低迷する名門球団にとうとう地元の怒りが爆発した。メッツは7日(日本時間8日)、本拠地ニューヨークで行われたロイヤルズ戦に12―16で痛恨すぎる逆転負けを喫し、連勝はあっさり「2」で止まった。

 ア・リーグ中地区の最下位チームを迎撃した一戦は、思わぬ形から幕を開けた。初回の攻撃で二死一、二塁の先制機をつくると、ベンジが放った打球は三塁方向へ転がる平凡なゴロ。無得点で終了とみられた直後、シティ・フィールドが一気に沸いた。

 打球を処理した相手先発・ルーゴの一塁送球がハーフバウンドとなってそれ、まずは二塁走者のユーイングが生還。ファウルゾーンに転がったボールを一塁手のカグリオンが拾い上げて投げると、三塁ベンチ前の柵にぶつかる大暴投…。今度は三塁側のファウルゾーンをボールが転々とする間に一走・ビシェットがホームにヘッドスライディングを決めて2点目をゲットした。この時、三塁手のロフティンから捕手・ジャンセンへの送球までそれ、とうとう打者走者のベンジまでホームにかえってくる〝大珍事〟となった。

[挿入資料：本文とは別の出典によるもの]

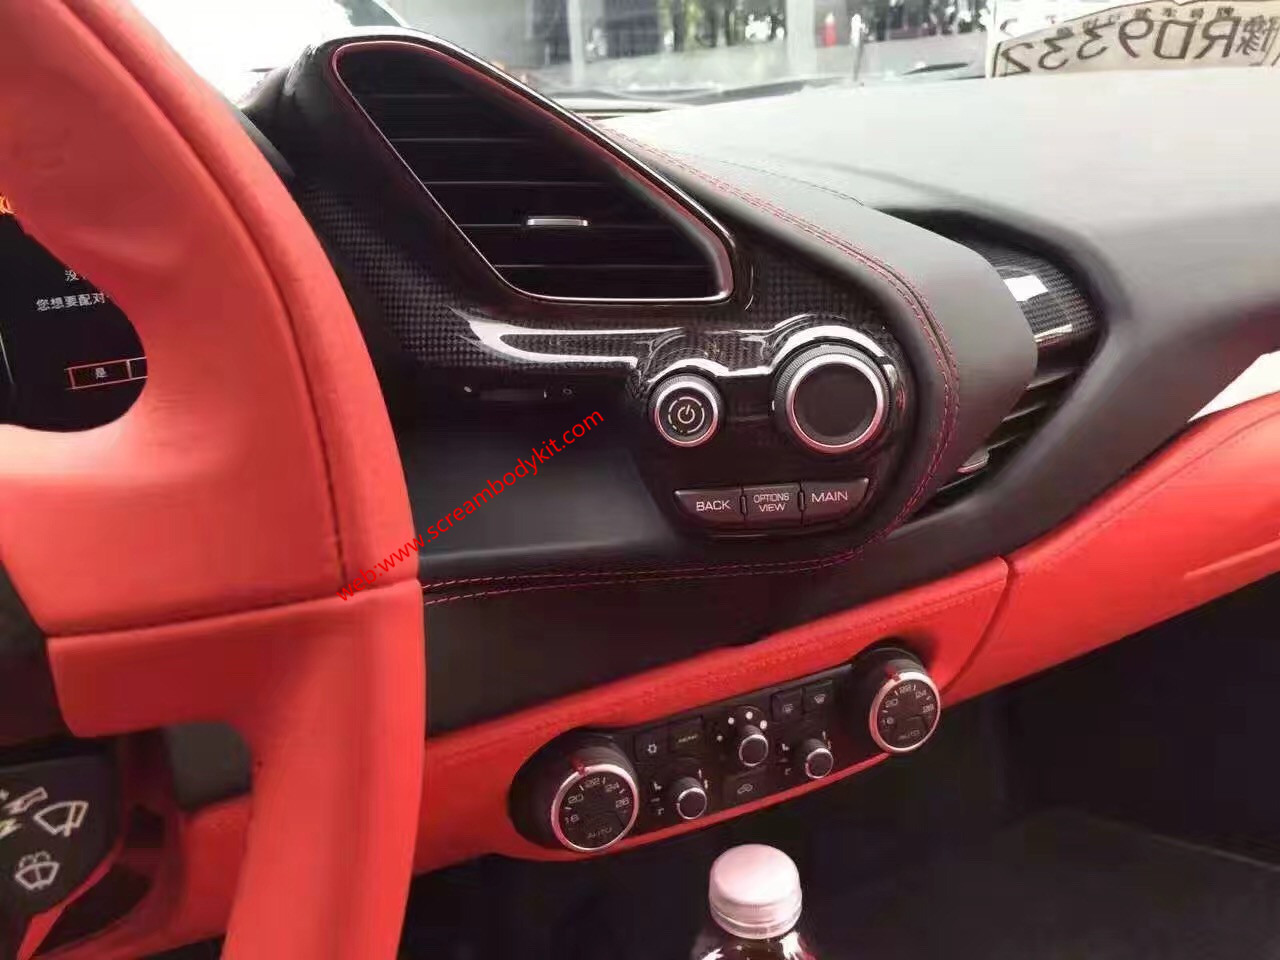 Ferrari F488 update carbon fiber interior trim and other carbon fiber parts

 初回から相手のミス連発で3点を先制。しかも1プレーで3失策という信じられない混乱ぶりは複数の米メディアに「リトルリーグ・ホームラン」と酷評されたが、それすらも生かせなかったのがメッツだった。

 ルーゴから5回途中までに9点を挙げてKOしながら、2回から2番手で登板した千賀滉大投手(33)は3イニングで1被弾を含む4失点。5回から3番手で上がったウォーレンは一死も奪えず5失点で9―9の同点に追いつかれ、7回から5番手を任されたシーリンガーに至っては2ランに押し出し四球を与えるなど大荒れで一挙7点を献上した。

 棚ぼたで3点をもらいながら、投手陣が計19安打のメッタ打ちにされてすべてがご破算…。ただでさえナ・リーグ東地区の単独最下位に沈んで風当たりが強い中での大惨敗に、地元紙「ニューヨーク・ポスト」(電子版)は「白旗を掲げろ」と怒り爆発。「クイーンズのどんよりとした夜に最下位同士の対戦というだけでも十分だというのに、メッツはシティ・フィールドのホームシリーズ開幕戦の荒れた試合で悲惨なロイヤルズを相手に12対16で敗れ、おそらく今季最もずさんかつ醜い敗戦を喫した」と酷評した。

 チームは38勝54敗の借金16となり、ワイルドカード争いでも12球団中11位ともはや絶望的。残りは70試合でますます厳しい状況に追い込まれている。